Outro desafio é como fabricar estas vacinas de uma forma mais rentável e rápida para que possam chegar a um grande número de doentes com cancro, diz Wu. Atualmente, a produção de vacinas individualizadas pode demorar semanas - ou meses -, com um custo de centenas de milhares de euros. Uma via ativa de investigação é o desenvolvimento de vacinas que visam neoantigénios partilhados por doentes com o mesmo tipo de cancro, aumentando a esperança de uma vacina "pronta a usar", que muitas pessoas podiam utilizar sem um longo processo de personalização.

Outra questão é se as vacinas funcionam melhor em combinação com outros tratamentos para as tornar uma ferramenta mais eficaz e, em caso afirmativo, quais.
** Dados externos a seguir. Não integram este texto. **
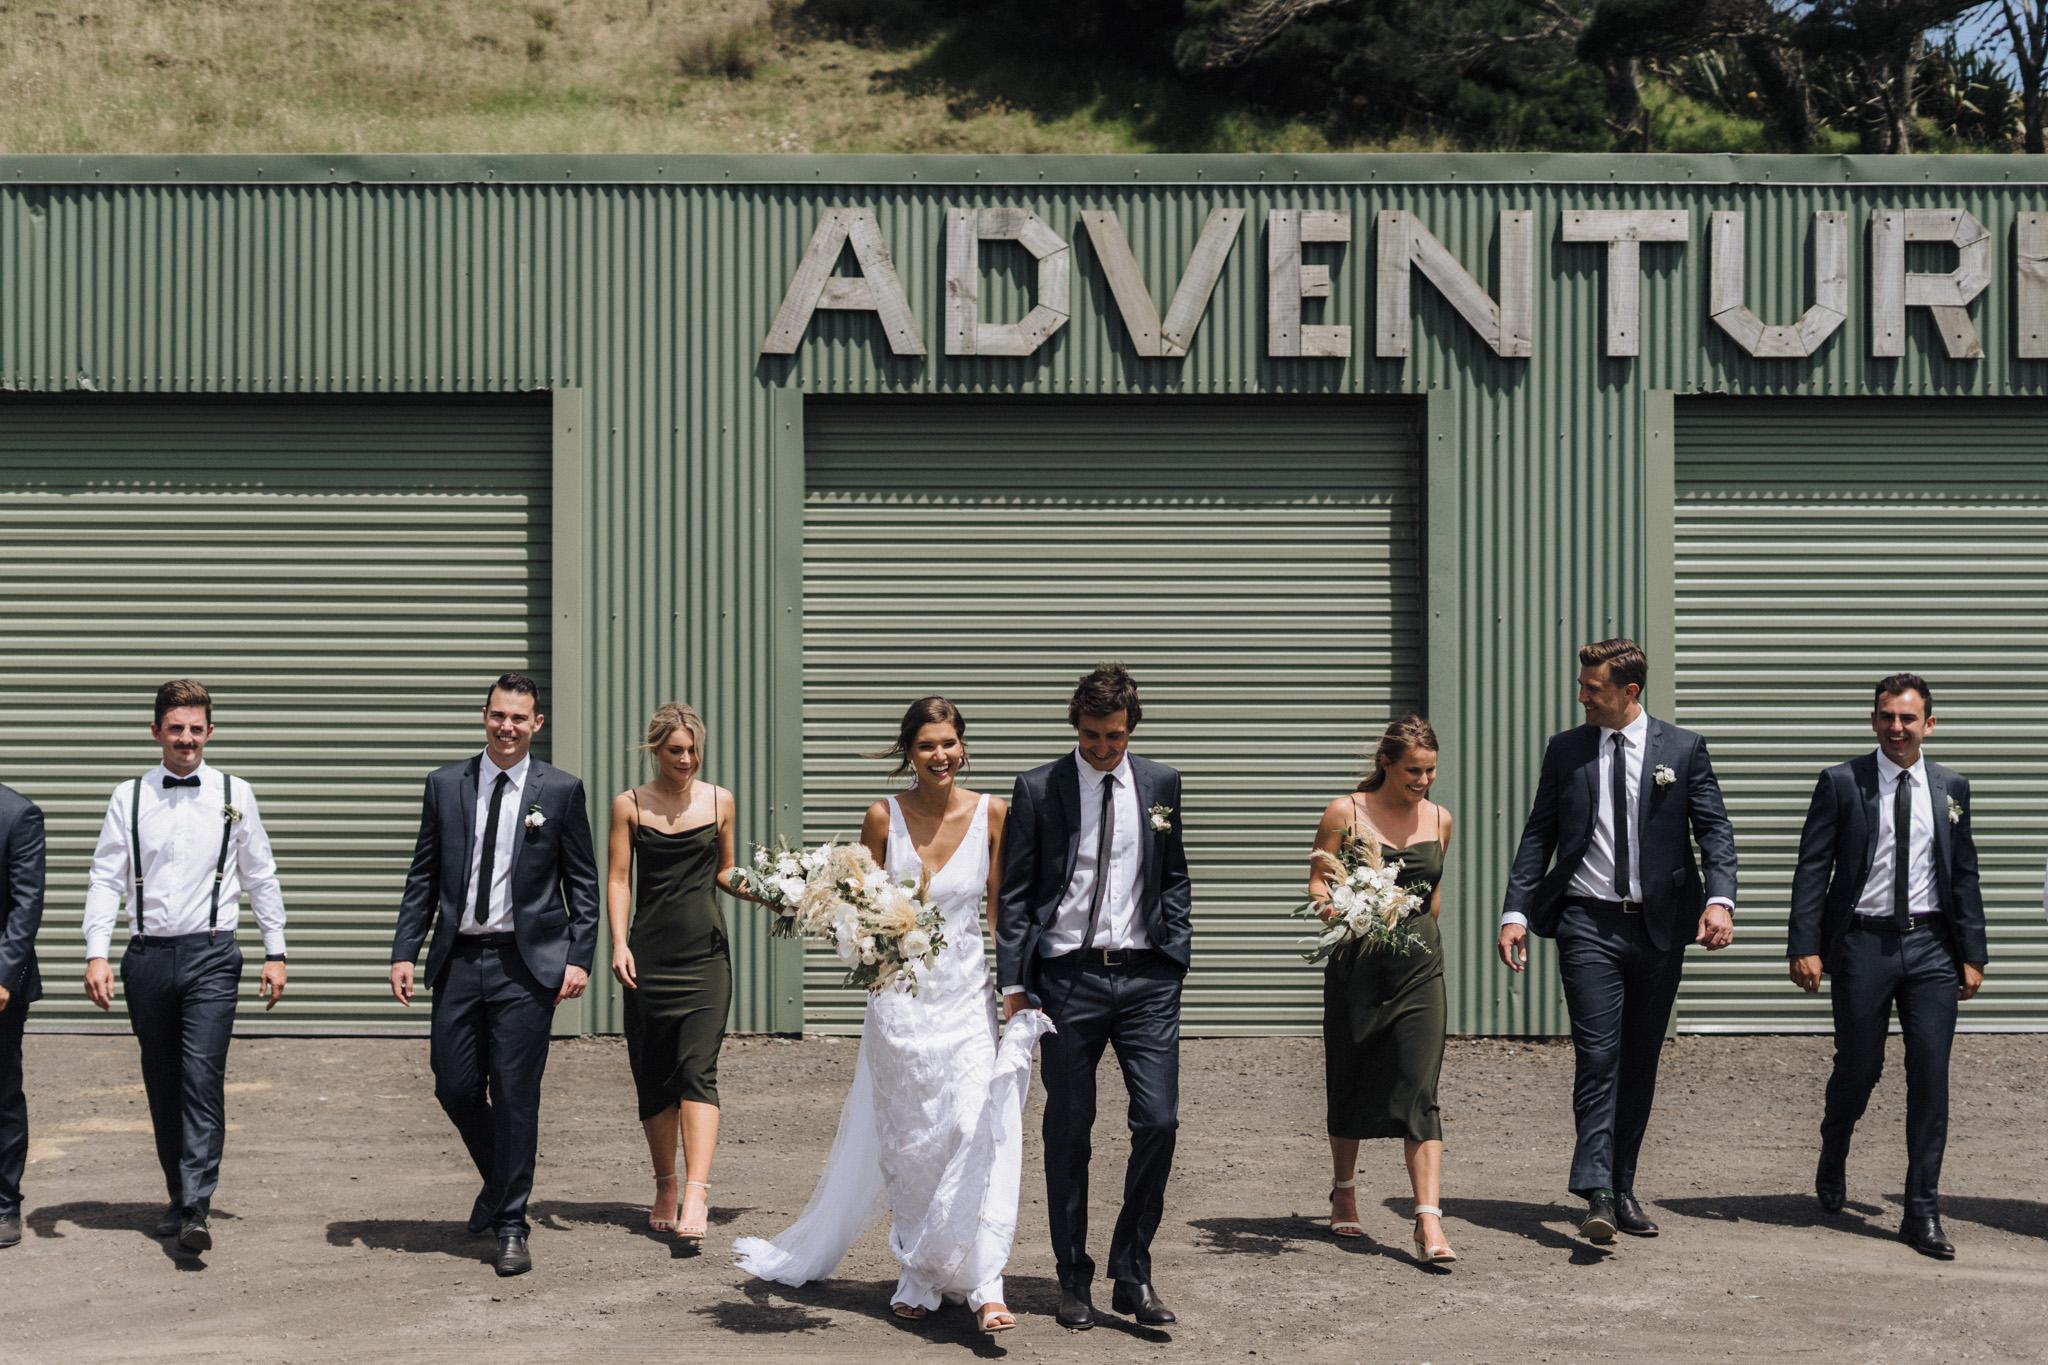 newfound-h-m-castaways-waiuku-auckland-wedding-photographer-68
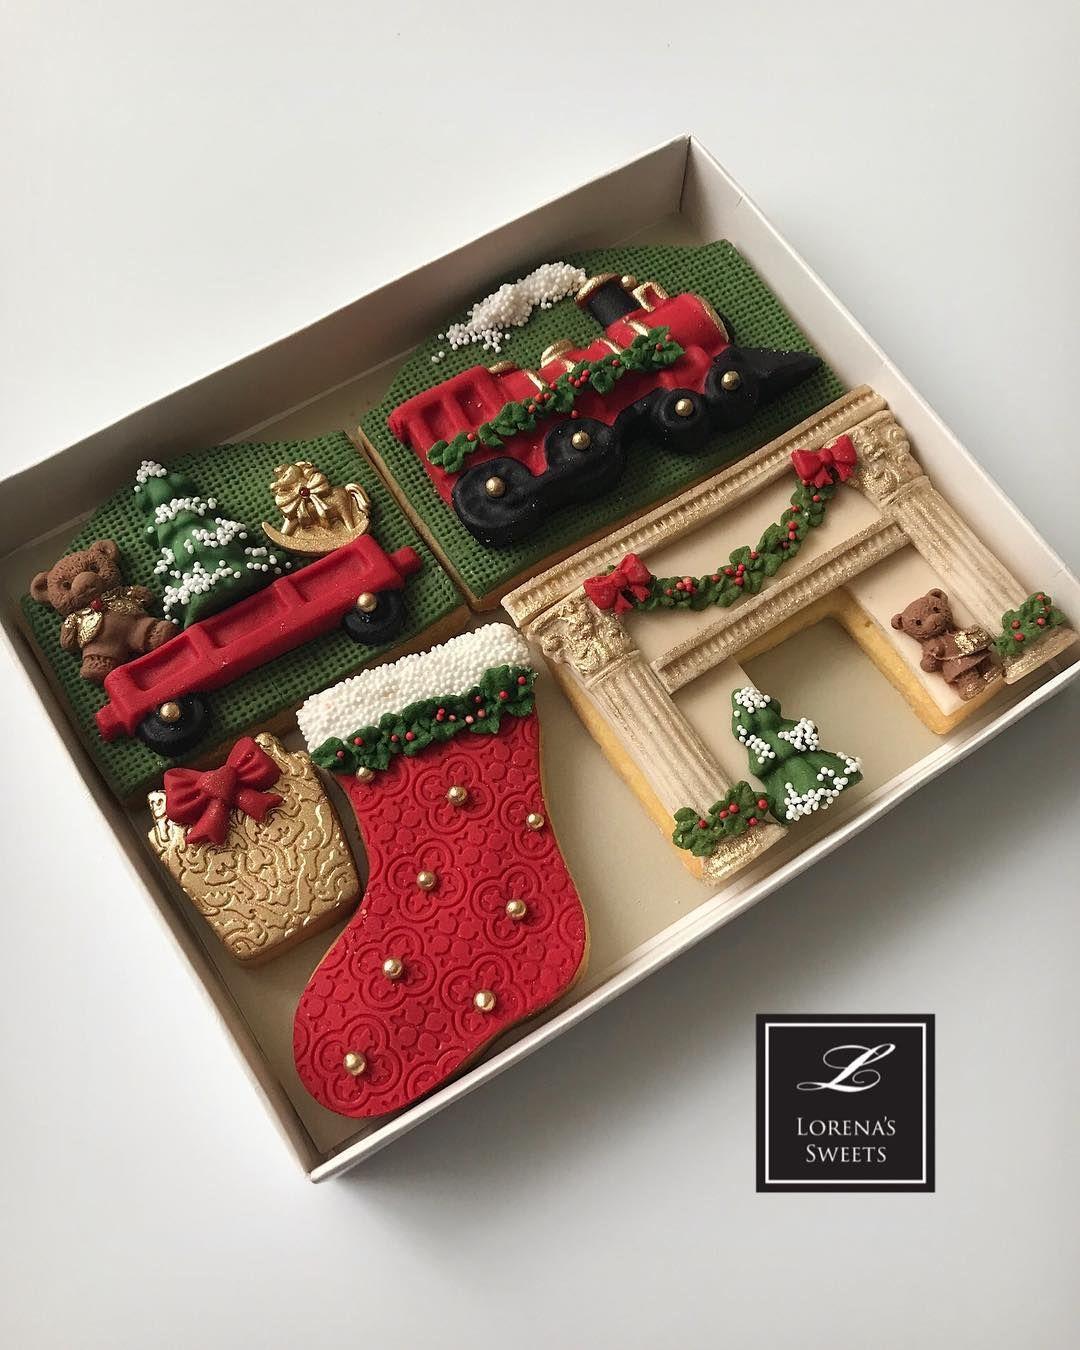 Lorenas Sweets Fondant Cookie Door//Christmas

Os resultados de um ensaio publicado no final do ano passado revelaram que uma vacina desenvolvida pela Merck e pela Moderna, administrada a doentes com melanoma avançado juntamente com um tipo de imunoterapia chamado Keytruda - um medicamento baseado em inibidores do ponto de controlo -, conduziu a um menor risco de recorrência ou morte do que aqueles que receberam apenas o medicamento, afirmaram as empresas.

Também não se sabe em que momento do ciclo de tratamento as vacinas são mais úteis - tratando cancros detetados precocemente, ajudando os doentes com doença avançada ou garantindo que os doentes permanecem livres de cancro. A maior parte dos ensaios em curso envolve doentes com cancro em fase avançada ou em remissão, mas Wu pensa que as vacinas podem ser mais eficazes na fase inicial da doença.

Apesar da longa lista de incógnitas, para algumas pessoas envolvidas nestes ensaios iniciais de vacinas contra o cancro os resultados têm mudado a sua vida.

Barbara Brigham, que recebeu uma vacina personalizada contra o cancro do pâncreas que está a ser testada pela BioNTech, disse assim à CNN no ano passado: "Estou muito grata por ter sido autorizada a tomá-la". Ela pôde assistir à formatura do neto mais velho na faculdade - um momento que ela achava que não viveria para ver. "A oportunidade e o timing foram perfeitos", disse ela. "Ajudou-me e espero que ajude mais alguém."